Bozena Posted July 28, 2013 Posted July 28, 2013 (edited) Well it depends on the ego of the other. For me no contact works the opposite way. As you mention out of sight out of mind. But a lot of people got crazier and think that they really want the other one. No contact for me is perceived as something you do by yourself in order to move on. And even if it brings someone back I believe that it will be temporarily. As soon as the other one will update his ego he/she will dump the other again. And why everyone who is dumped comes here as the victim? Like: oh s/he dumped me, I was perfect, take a NC to learn your lesson. There might be other reasons for someone dumping the other than you can both discuss. For instance if someone is jealous and you break up due to this, if the other goes back and say that he will try to change and if the reason is really this, then why not trying again? In this way I wonder why everyone here have so many feelings of revenge. Like if you don't talk to the one that break it off you will do him great evil or something. I agree that if there is understanding and a mutual serious relationship then the only way is to discuss the matter and decide whether it is possible to work it out again. I agree that begging and pleading doesn't solve anything, but the other way round doesn't solve either. If of course you want to solve. If someone just wants to move on then no contact is almost unavoidable Edited July 28, 2013 by Bozena 1
Antares Posted July 28, 2013 Posted July 28, 2013 Well. That's just it... I think people misunderstand what NC is. It's not a tool to get an ex back. It's a tool to get yourself back. That's all it does. It's basically acknowledging that the only control a dumpee has is leaving the dumper be, and moving on with their own lives. It's actually a huge display of self control and respect. The dumper didn't want to be a part of your life anymore, so you respect that and ... disappear. People who use NC to get an ex back - don't. Those that use it for those purposes think that making someone miss them will make the ex realize what they lost. I mean, do you really want to use manipulation to trick an exes feelings to get them back. That's not going to last at all. Once that itch is scratched, they'll go back to dumping you all over again. And that's why NC doesn't work on getting an ex back...because you can't have a relationship with someone you're not having ANY contact with. If at some point after you've healed and if both parties want it, both parties will have to make some sort of communication with each other. They both will have to break NC. NC will then be over, hence, the real tool for getting back together with an ex is being your full well adjusted self, the person they first got attracted to, or an even better version. (And even then that might not work either, lol) Now as a bi-product of going NC and getting on with your life, your ex may actually miss you. But only because they, well, miss you. Your ex may harbor some leftover feelings for you, and the presence you had in their lives.
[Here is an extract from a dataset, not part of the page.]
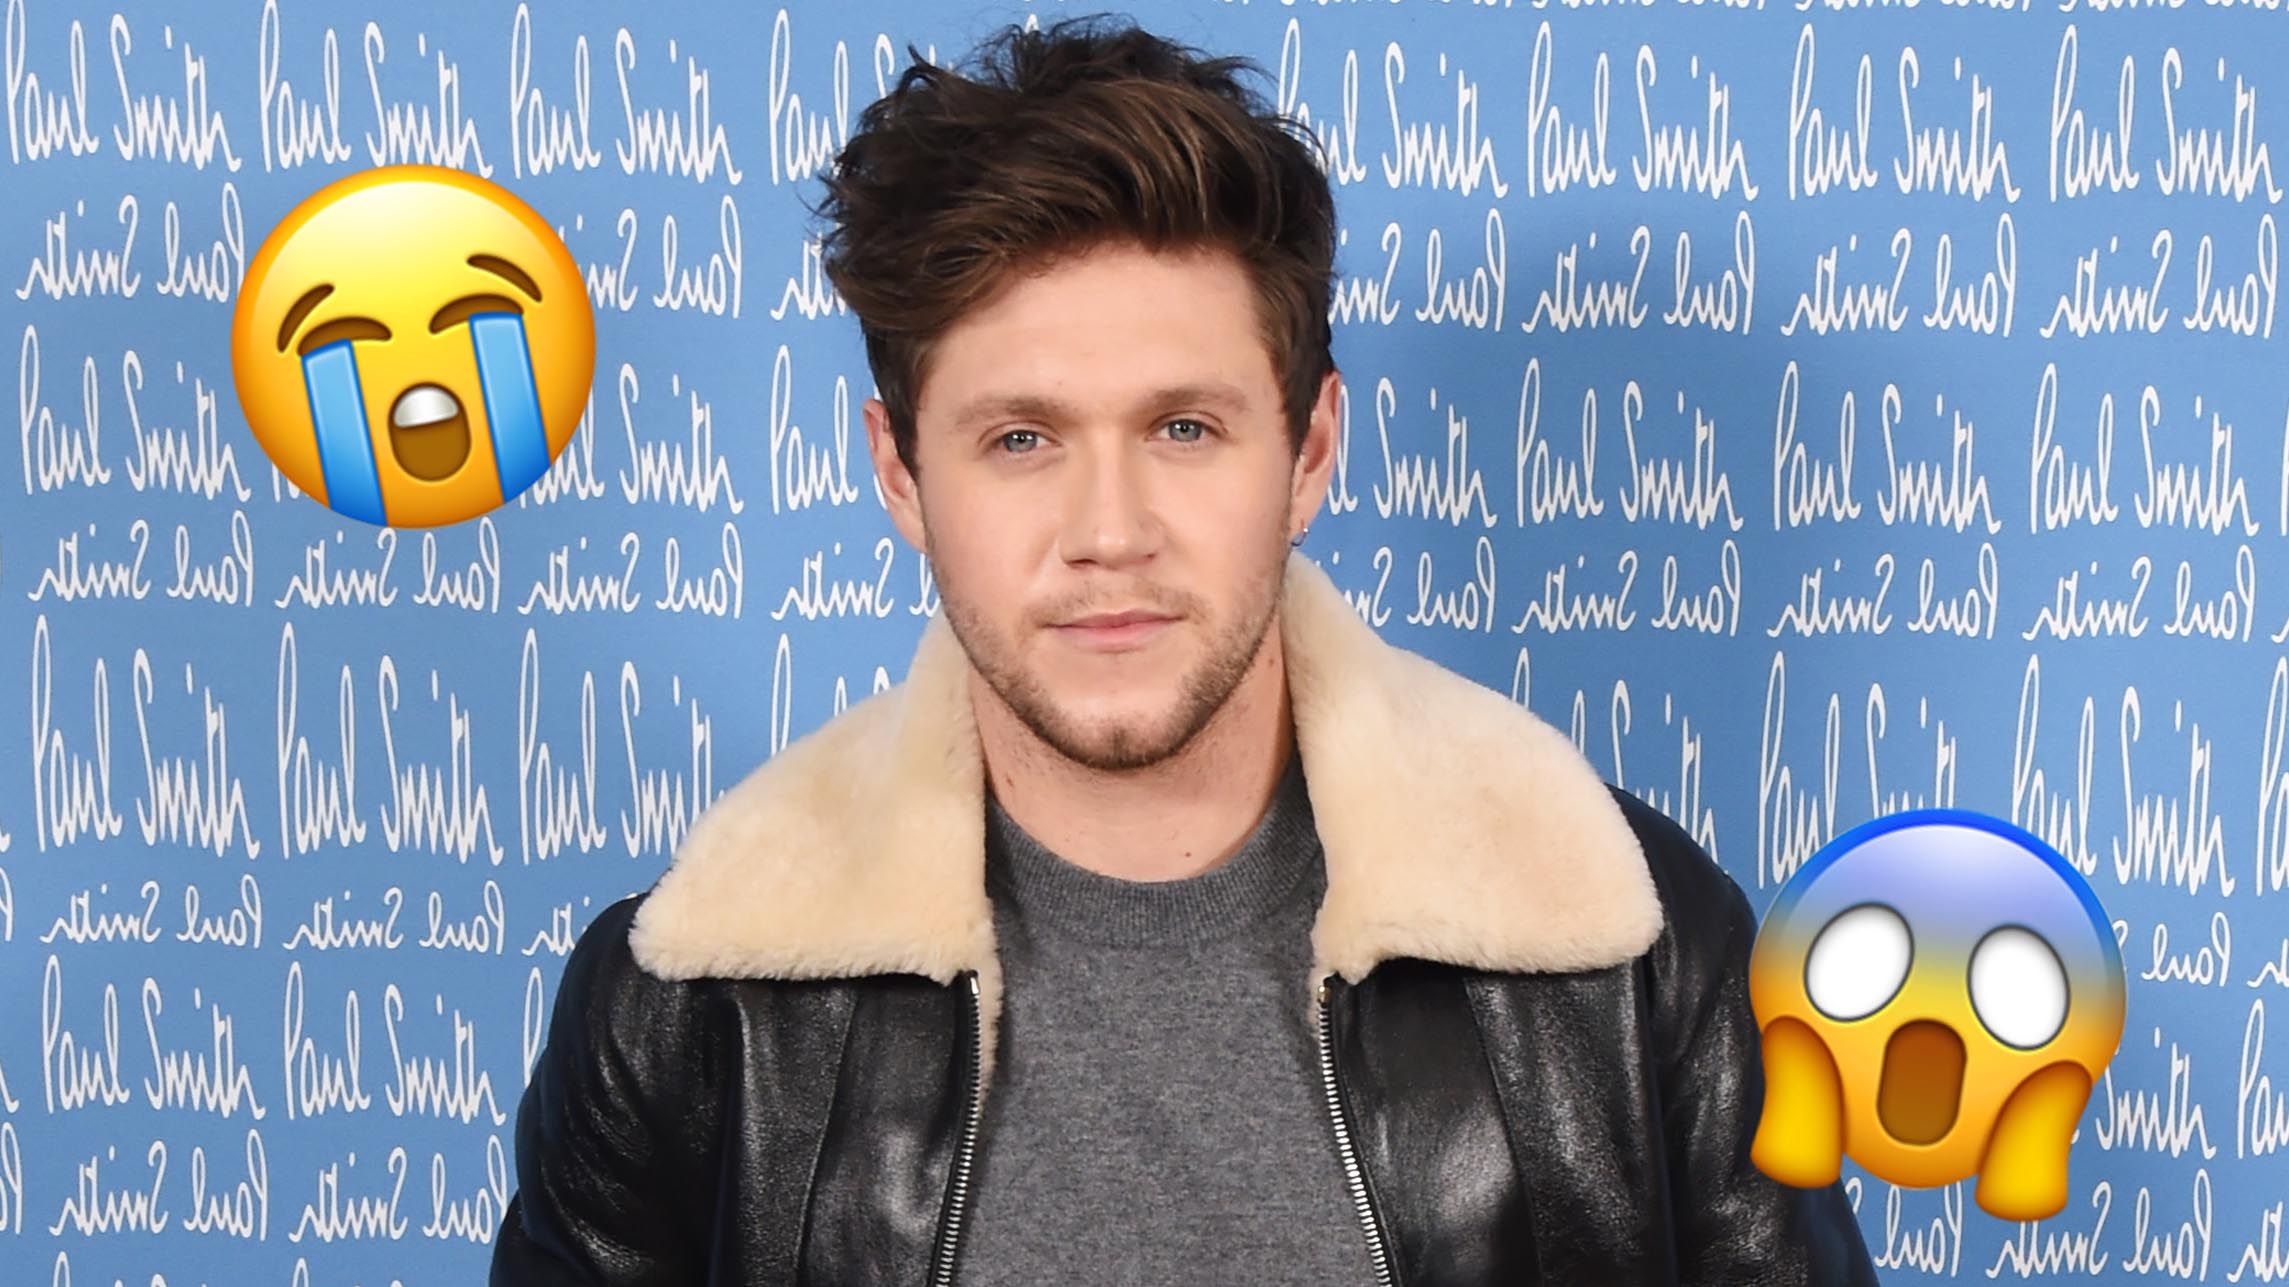 Niall Horan reveals he's 'snapped ligaments' in foot in gruesome photo

An ex contacting you after a period of NC does not guarantee you'll get back together either. The only thing that makes people reconcile is for both parties to want it. Just like you did when you first started dating. The exes feelings have to be strong enough to want another chance. Same goes for the dumpee. 2
Simon Phoenix Posted July 28, 2013 Posted July 28, 2013 NC is for moving on. But it can also cause your ex to miss you. If you want to move on completely, NC is easily the best thing. If you want a second chance, NC is good to reset emotions on both sides and prevent the dumpee from acting crazy/desperate/clingy as they are prone to do in the immediate aftermath of the breakup.
daftpunk Posted July 28, 2013 Posted July 28, 2013 I'm just happy you spelled "ridiculous" correctly. Because there was nothing else of substance in your post. 1
Author ToyStoryThree Posted July 28, 2013 Author Posted July 28, 2013 I'm just happy you spelled "ridiculous" correctly. Because there was nothing else of substance in your post. Just as much substance in your reply too, I see.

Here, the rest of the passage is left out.